• **WHAT THIS TASK INVOLVES**
Your output should be everything below from the line containing "Wakefield, England, Modern" down to the line containing "10 marketing predictions", both ends included, copied exactly, with pictures left out.

• **RECORDS FOR THE TASK**
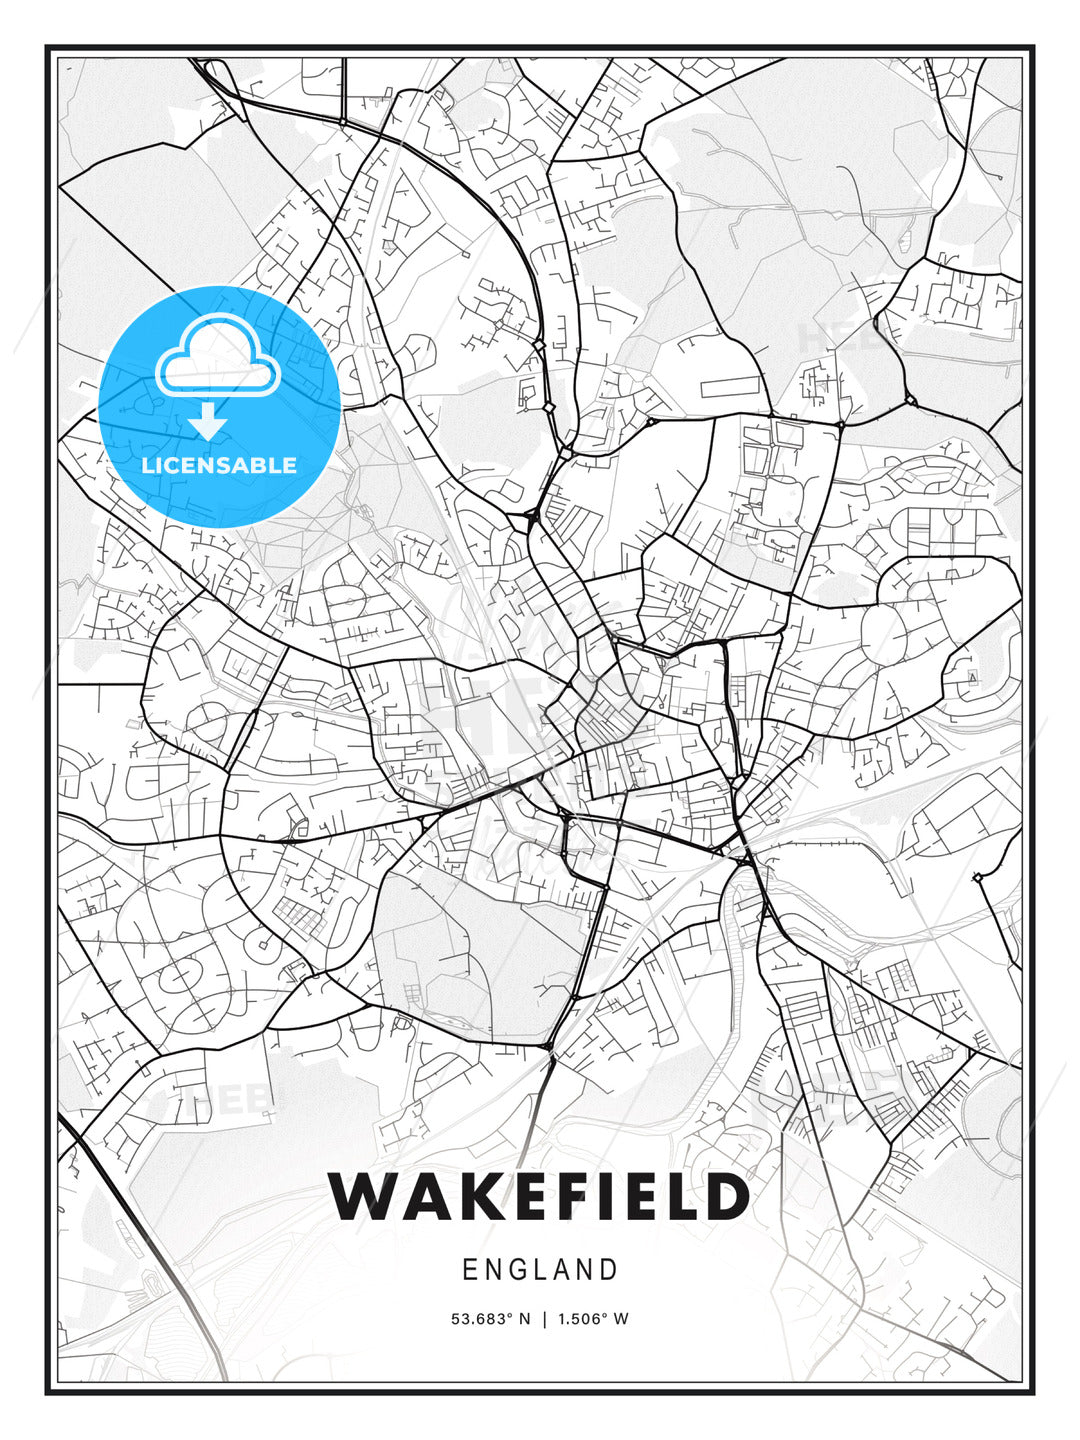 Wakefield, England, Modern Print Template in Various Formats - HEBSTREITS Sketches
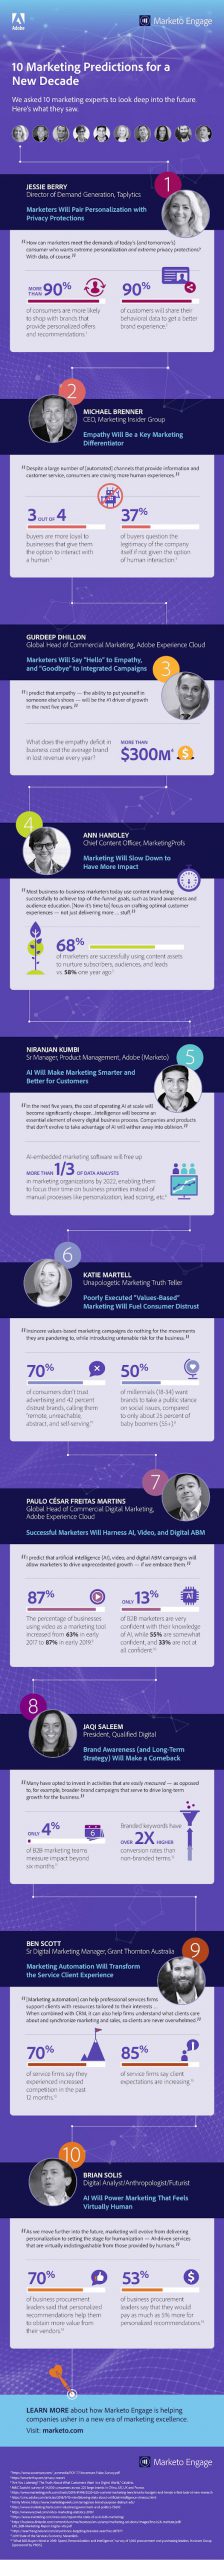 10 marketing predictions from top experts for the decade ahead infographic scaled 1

--

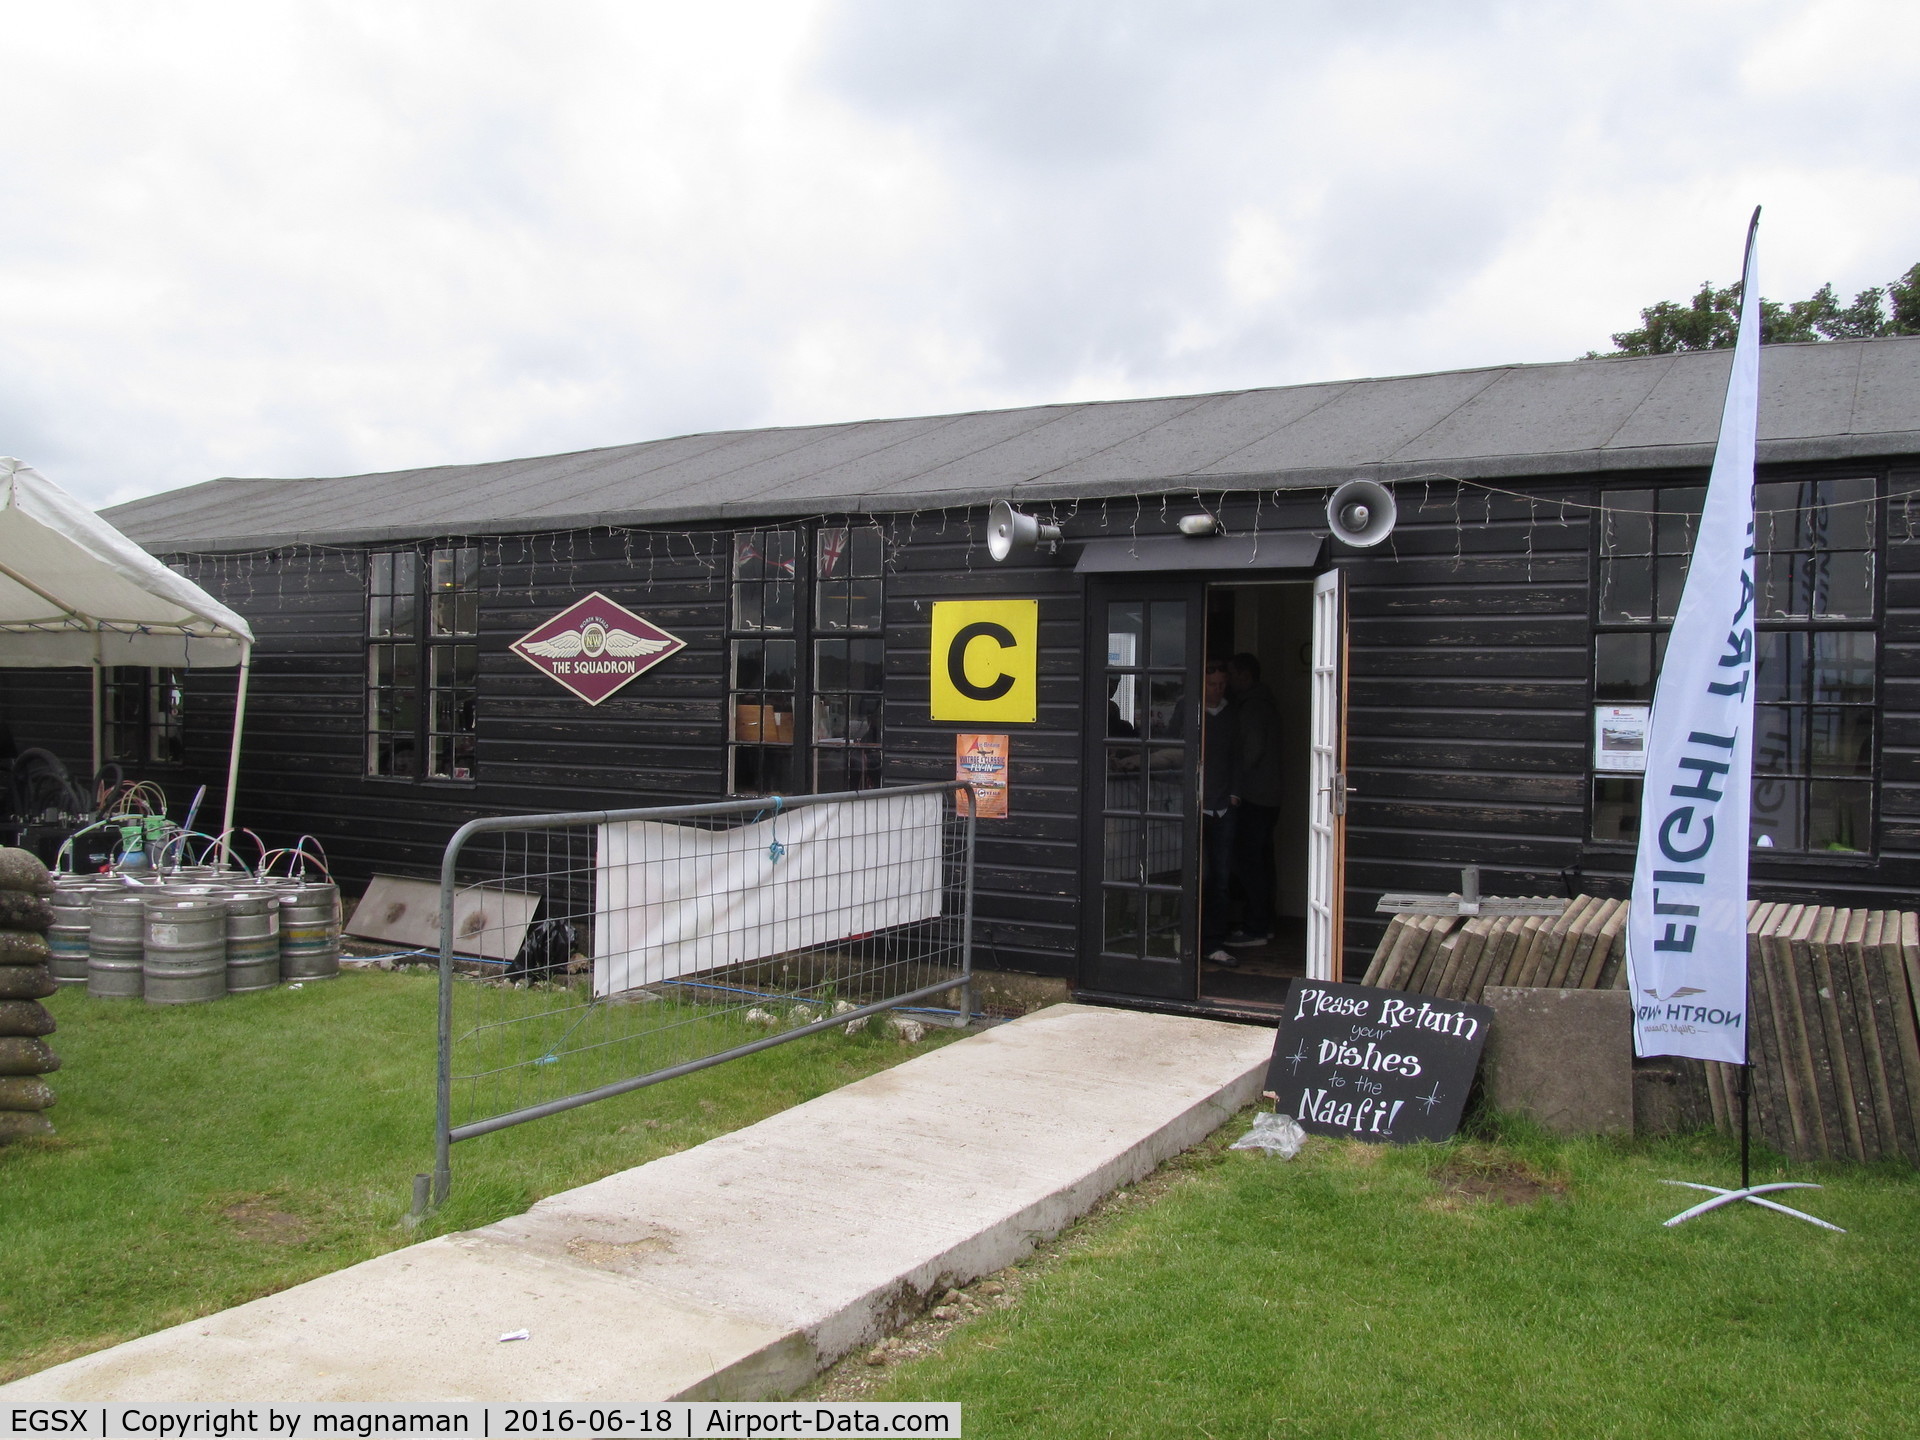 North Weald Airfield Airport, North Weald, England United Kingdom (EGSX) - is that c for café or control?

...

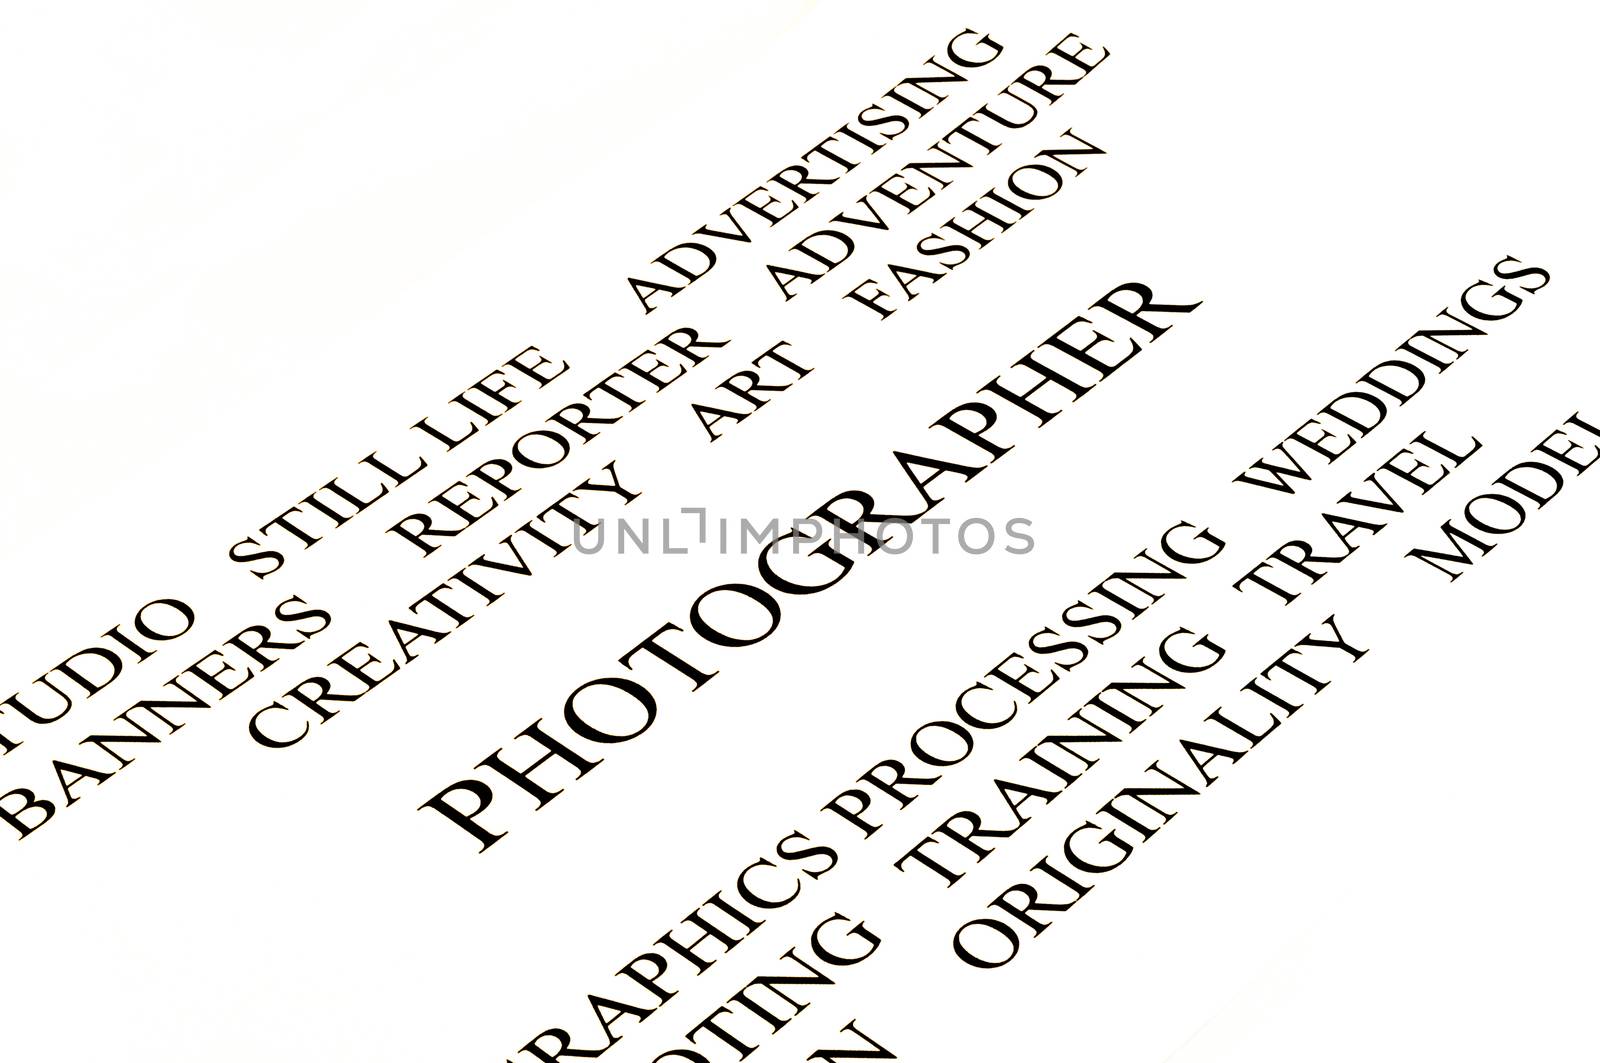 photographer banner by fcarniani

• **ANSWER SECTION**
 Wakefield, England, Modern Print Template in Various Formats - HEBSTREITS Sketches
 10 marketing predictions from top experts for the decade ahead infographic scaled 1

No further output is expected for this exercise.